A new understanding of the world through grassroots Data Science education at UC Berkeley
By Vani Mandava, Director, Data Science, Microsoft Research
While some may regard data science as an easy passport to a job for the tech savvy, Luis Macias has different ideas. The fourth-year undergraduate student, who is majoring in American Studies at University of California, Berkeley (UC Berkeley), wants to turn the hype of data science into hope for low-income communities like the one he grew up in.
Luis was among the first students to take UC Berkeley’s innovative Foundations of Data Science, an introductory data science course designed for freshman and sophomore students of all majors. The course is a key component of a multi-year university effort to forge a broader, more diverse, and inclusive scope for the emerging discipline of data science.
Recalling an assignment to gauge how water consumption data might relate to socioeconomic conditions, Luis explained how having the power to get and analyze data about his own ZIP Code ignited an understanding that data science can yield new insights capable of solving some of society’s most complex problems.
“The income level was around $25K, a number that was powerful for me in particular, because I think it explained a lot of the social issues and problems my community had,” he said.
Berkeley’s Data Science Education Program aims to make data science an integral feature of a liberal education and a core interdisciplinary capacity available to all Berkeley undergraduates. This is a bold experiment that will equip thousands of Berkeley students across campus with a fundamental education in data-driven thinking empowered by advanced statistical and computational techniques.
“The team of educators see their role as making it possible for students to bring to bear data science in all the ways they wish to use it in the world,” notes History professor Cathryn Carson. Carson is one of the faculty members leading the effort to build a diverse curriculum that includes advanced classes as well as connector courses that provide a bridge between familiar academic subjects and newly available data science techniques. “The energy and enthusiasm of students in the courses clearly demonstrate that the initiative will put data science to work in a breadth of domains that serve society, and UC Berkeley will play a particularly powerful role as a public university in this new data rich era.”
This year, the program is enabling more than a thousand students across 56 different undergraduate majors to learn critical computational and analytical skills demanded by the projected half million jobs in data science by 2018. That’s a lot of potentially unfilled jobs, an opportunity highlighted in numerous media accounts over the past couple of years.

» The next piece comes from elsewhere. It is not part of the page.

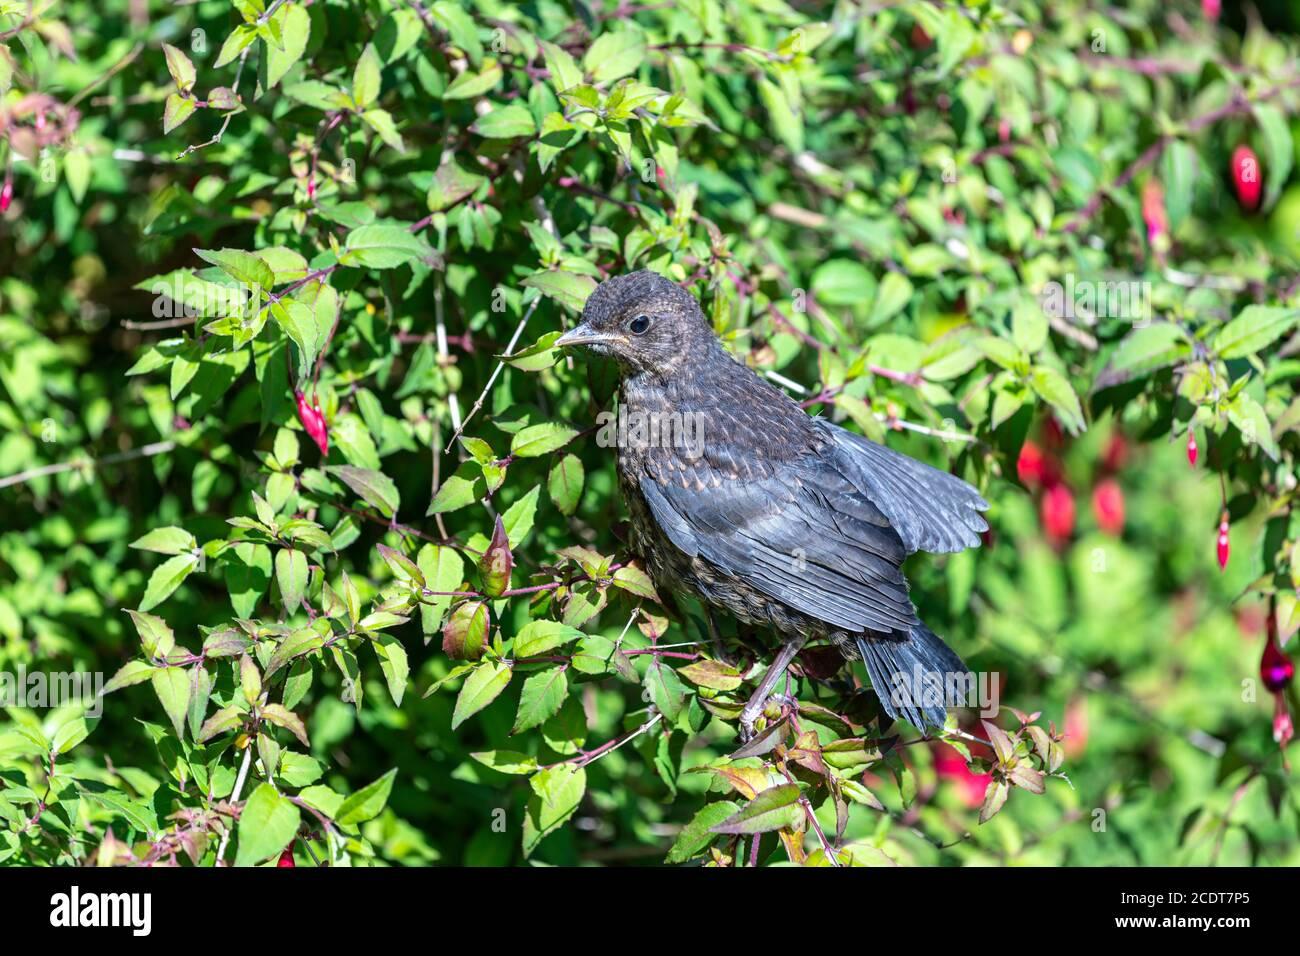 Juvenile European Starling, Sturnus vulgaris, Lancashire, England, Great Britain Stock Photo
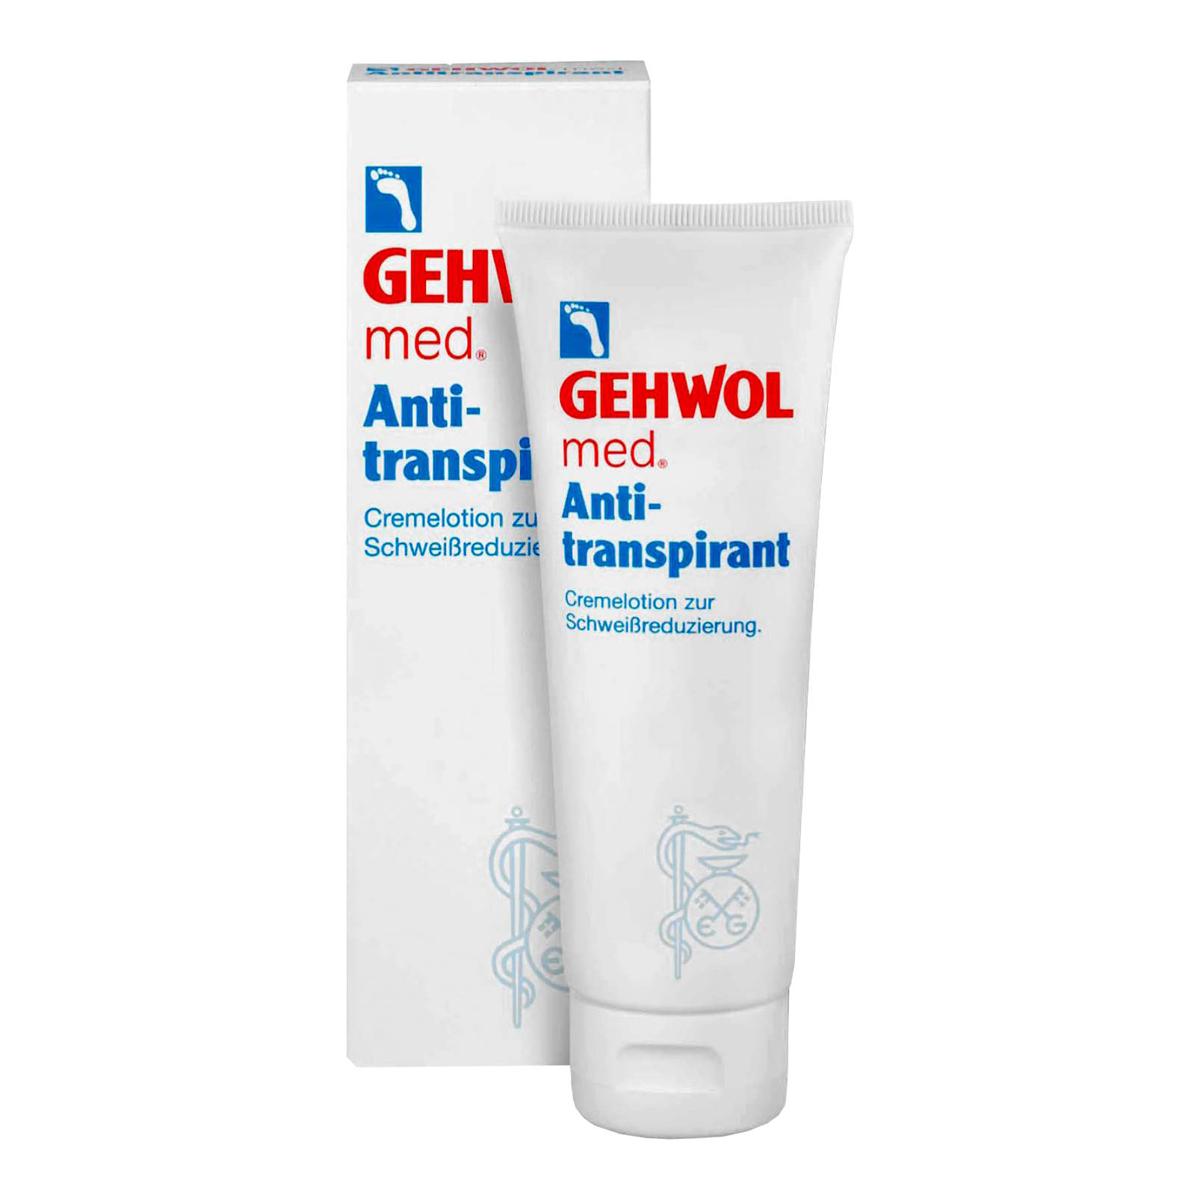 gehwol gerlachs fusskrem крем для уставших ног 75 мл Gehwol Anti-Transpirant - Крем-лосьон антиперспирант для ног 125 мл

In 2015, Forbes wrote about the urgent need for qualified data science workers who bring different skills, expertise, and experiences to the discipline. Some of them will no doubt emerge from Berkeley’s unique program of connector courses that represent students from a diverse range of skills and disciplines.
To succeed, the program had to be accessible to students beyond the realm of computer science. One way the program does this is through a flexible and scalable technology infrastructure that enables students to quickly set up labs for hands-on practice—they don’t have to spend time installing programs or learning nuances of complicated applications.
“By hosting it in Azure, we can control the environment,” said Ryan Lovett, Systems Manager for the Department of Statistics at UC Berkeley. “Students just log in and they’re ready to go.”
David Culler, professor of Electrical Engineering and Computer Sciences at UC Berkeley, believes the program can extend computational thinking to benefit more disciplines. He anticipates the program will equip students with the ability to extract their own insights from the world’s information and build tools that benefit people in society. He likens the ability to understand an increasingly complex world to a new form of perception — combining mathematical thinking and the arts with computational tools for new forms of expression.
Such data science projects include classic and new problems like music genre classification, text analysis of famous literary works, identifying insights from bike sharing data in San Francisco, or analyzing jury selection in Alameda County.
Berkeley prides itself as a place where the world’s brightest minds explore, ask questions and improve the world. Thanks to the Data Science Education Program, thousands of Berkeley students are better critical thinkers.
Note: Microsoft partners closely with UC Berkeley in support of its Data Science Education Program. Since 2015, Microsoft Research, through its Azure for Research program provided $235K in Azure credits to enable the Foundations of Data Science course along with $260K in research credits and $5K in training credits. Microsoft also provided $75K in unrestricted gift funding towards UC Berkeley’s Data Program.